SOUTHAMPTON Co., Va. - Every day, Rachel Thornsberry fears the worst.
"I'm worried he's going to die. I'm worried a lot more people are going to die in there," she said.
Her loved one is incarcerated at Deerfield Correctional Center in Southampton County. She said he is one of 285 people that has recently tested positive for COVID-19.
She said he has cystic fibrosis and already needs additional medical attention, but since his COVID-19 diagnosis, "He's just getting worse. He’s been waiting almost four days now just to get medication."
Deerfield, which holds a daily population of 925 inmates, is the latest prison to see a spike in coronavirus cases and is now leading the state in inmate deaths. The Virginia Department of Corrections reports eight inmates have died due to COVID-19-related complications.
In a statement, the Department of Corrections told News 3 the men were ages 49, 66, 71, 64, 59, 75, 69 and 56.
Thornsberry said her loved one has just over a year until his release. She said because of his underlying conditions, she has tried to file for clemency, but has been denied.
"I understand that they're there because they're being punished, but I mean, these people should not have to die for a punishment," she said.
To compensate for the case increase the DOC said they have converted the facility's gym into a medical observation unit and are offering incentives for medical staff to come to Deerfield. Armor Correctional Health Care is actively recruiting additional temp nurses for Deerfield.
A spokesperson said the Virginia National Guard is also on site to help with testing the entire population. In a news release sent out over the weekend, they have reportedly done more than 36,600 tests statewide and some offenders have been tested more than once.
The release said, "Most offenders being tested have no symptoms; the DOC is conducting point prevalence testing to catch cases before there are any symptoms. That early testing of asymptomatic offenders is helping to keep the virus from spreading throughout the prison system."

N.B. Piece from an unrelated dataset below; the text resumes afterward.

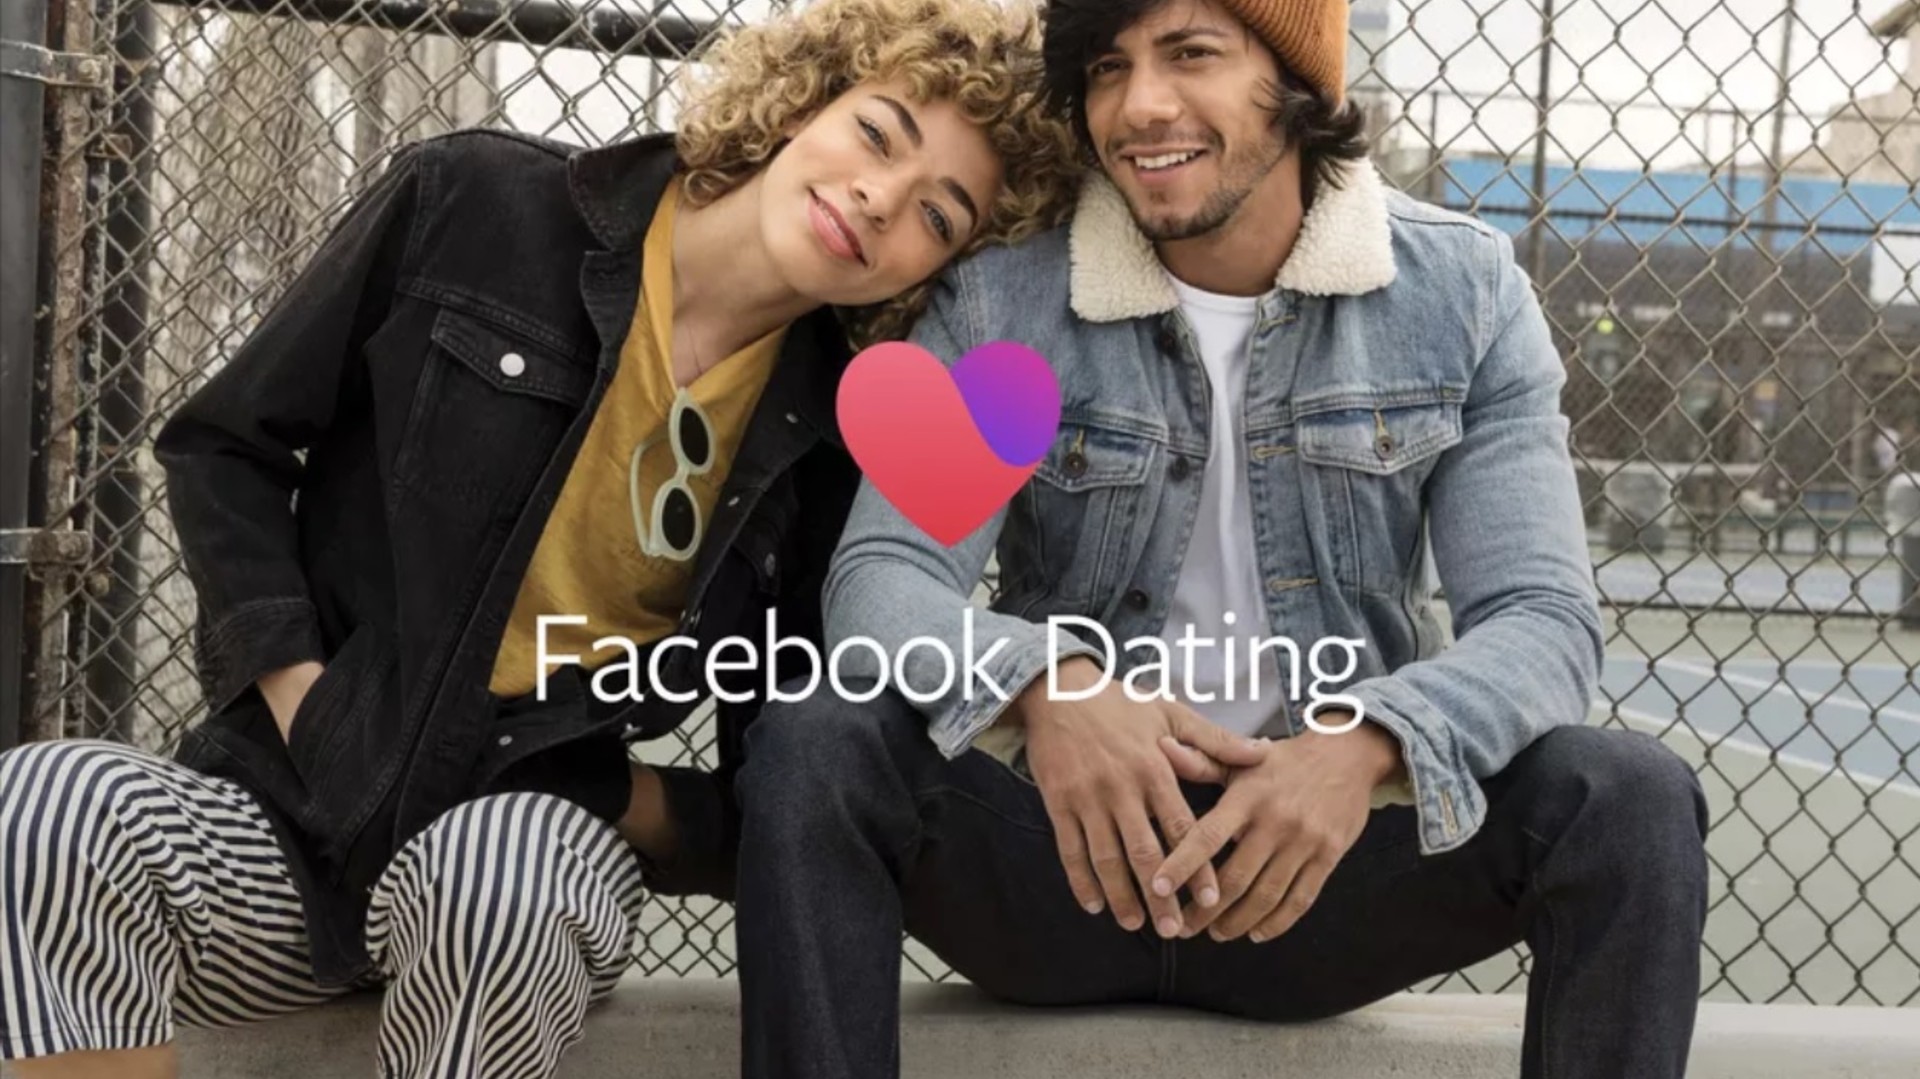 Facebook incluye nuevas opciones para “hallar el amor” en su herramienta de  Parejas - Infobae

Still unsatisfied with the actions taken by the state, Thornsberry said she's looked into getting legal help.
Local attorney Jerry Denton with Denton & Denton in Virginia Beach explains why that could be a tough road.
"Even if you could show that a prisoner got an infection, got COVID-19, in a certain circumstance within a prison, in order to do anything about it, as a lawyer, you would secondly have to show that the prison was negligent in the way that they were handling the prisoners and that's very difficult to do."
In Virginia, the DOC maintains they drive for the utmost care, saying, "The doctors, nurses, and medical staff at the DOC are working around the clock to test and provide care to offenders during this pandemic. As we work to test and care for offenders, Virginia DOC has partnered with the Virginia Department of Health, the Virginia National Guard, Virginia Commonwealth University, the University of Virginia, Armor Correctional Health Services, and the Division of Consolidated Laboratory Services."
However, cases against a facility have been won across the country. Denton cautions people to think about all their options before going the legal route because "Judges are low to tell prison administrators how to operate the prisons because no one really knows exactly what the facts are."
Even so, Thornsberry said she won't stop fighting until her loved one is home. "Not all the people that are incarcerated are bad people. They made bad choices, but you know, no one deserves to just die," she said.
In a statement, a spokesperson for the VADOC said all of the facilities follow CDC guidelines for corrections; the infirmary at Deerfield also follows the CDC guidelines for nursing homes. Deerfield’s assisted living area follows VDH guidelines for long-term care.
Prison officials said more than 10% of the state’s 27,000 inmates have now tested positive. Department-wide, one staff member has died from COVID-19.